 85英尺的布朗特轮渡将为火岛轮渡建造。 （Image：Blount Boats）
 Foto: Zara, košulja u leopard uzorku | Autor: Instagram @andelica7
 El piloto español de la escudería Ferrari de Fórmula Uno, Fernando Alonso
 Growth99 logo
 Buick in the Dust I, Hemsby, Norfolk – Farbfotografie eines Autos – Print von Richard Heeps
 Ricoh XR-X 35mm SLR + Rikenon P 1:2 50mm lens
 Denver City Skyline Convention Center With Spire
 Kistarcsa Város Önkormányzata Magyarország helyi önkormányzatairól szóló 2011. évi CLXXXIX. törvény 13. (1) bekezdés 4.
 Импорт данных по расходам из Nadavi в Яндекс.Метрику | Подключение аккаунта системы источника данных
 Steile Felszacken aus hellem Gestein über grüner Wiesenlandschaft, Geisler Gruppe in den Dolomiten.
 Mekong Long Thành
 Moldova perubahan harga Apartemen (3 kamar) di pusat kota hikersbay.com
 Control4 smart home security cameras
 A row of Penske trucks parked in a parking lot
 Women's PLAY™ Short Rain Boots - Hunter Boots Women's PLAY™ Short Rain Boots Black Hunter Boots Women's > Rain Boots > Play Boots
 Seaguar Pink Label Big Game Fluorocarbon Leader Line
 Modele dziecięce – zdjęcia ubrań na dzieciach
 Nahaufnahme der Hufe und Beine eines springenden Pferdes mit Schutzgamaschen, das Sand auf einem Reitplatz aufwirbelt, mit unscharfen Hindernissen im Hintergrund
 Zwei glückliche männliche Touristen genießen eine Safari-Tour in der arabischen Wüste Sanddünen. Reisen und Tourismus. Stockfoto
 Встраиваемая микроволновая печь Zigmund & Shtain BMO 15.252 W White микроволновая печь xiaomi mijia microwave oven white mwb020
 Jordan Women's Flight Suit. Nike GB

---+---

**The task:** In the records above, find the lines holding "eines". Copy each one.

**Written reply:**
 Buick in the Dust I, Hemsby, Norfolk – Farbfotografie eines Autos – Print von Richard Heeps
 Nahaufnahme der Hufe und Beine eines springenden Pferdes mit Schutzgamaschen, das Sand auf einem Reitplatz aufwirbelt, mit unscharfen Hindernissen im Hintergrund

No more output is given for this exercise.